A Network and Pathway Analysis of Genes Associated With Atrial Fibrillation

Affiliations
Meta-Analysis

A Network and Pathway Analysis of Genes Associated With Atrial Fibrillation

Mengying Zeng et al. Cardiovasc Ther. .

Abstract

Background: Atrial fibrillation (AF) is affected by both environmental and genetic factors. Previous genetic association studies, especially genome-wide association studies, revealed a large group of AF-associated genes. However, little is known about the functions and interactions of these genes. Moreover, established genetic variants of AF contribute modestly to AF variance, implying that numerous additional AF-associated genetic variations need to be identified. Hence, a systematic network and pathway analysis is needed. Methods: We retrieved all AF-associated genes from genetic association studies in various databases and performed integrative analyses including pathway enrichment analysis, pathway crosstalk analysis, network analysis, and microarray meta-analysis.

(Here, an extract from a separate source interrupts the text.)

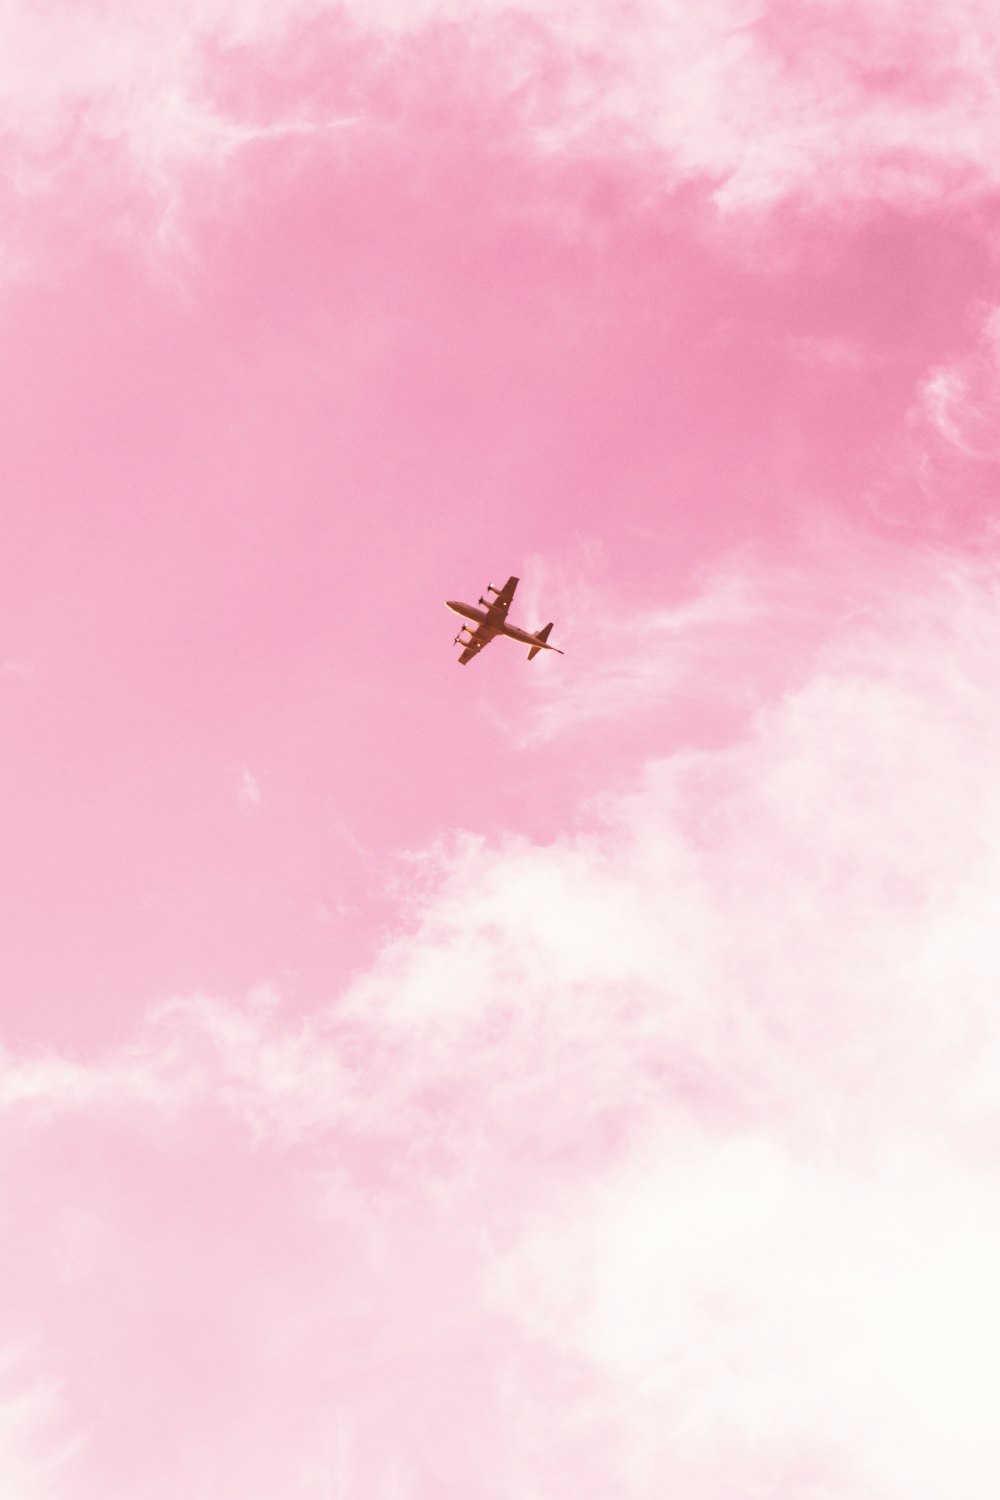 Flugzeug am Himmel während des Tages

Results: We collected 254 AF-associated genes from genetic association studies in various databases. Pathway enrichment analysis revealed the top biological pathways that were enriched in the AF-associated genes related to cardiac electromechanical activity. Pathway crosstalk analysis showed that numerous neuro-endocrine-immune pathways connected AF with various diseases including cancers, inflammatory diseases, and cardiovascular diseases. Furthermore, an AF-specific subnetwork was constructed with the prize-collecting Steiner forest algorithm based on the AF-associated genes, and 24 novel genes that were potentially associated with AF were inferred by the subnetwork. In the microarray meta-analysis, six of the 24 novel genes (APLP1, CREB1, CREBBP, PRMT1, IRAK1, and PLXND1) were expressed differentially in patients with AF and sinus rhythm. Conclusions: AF is not only an isolated disease with abnormal electrophysiological activity but might also share a common genetic basis and biological process with tumors and inflammatory diseases as well as cardiovascular diseases. Moreover, the six novel genes inferred from network analysis might help detect the missing AF risk loci.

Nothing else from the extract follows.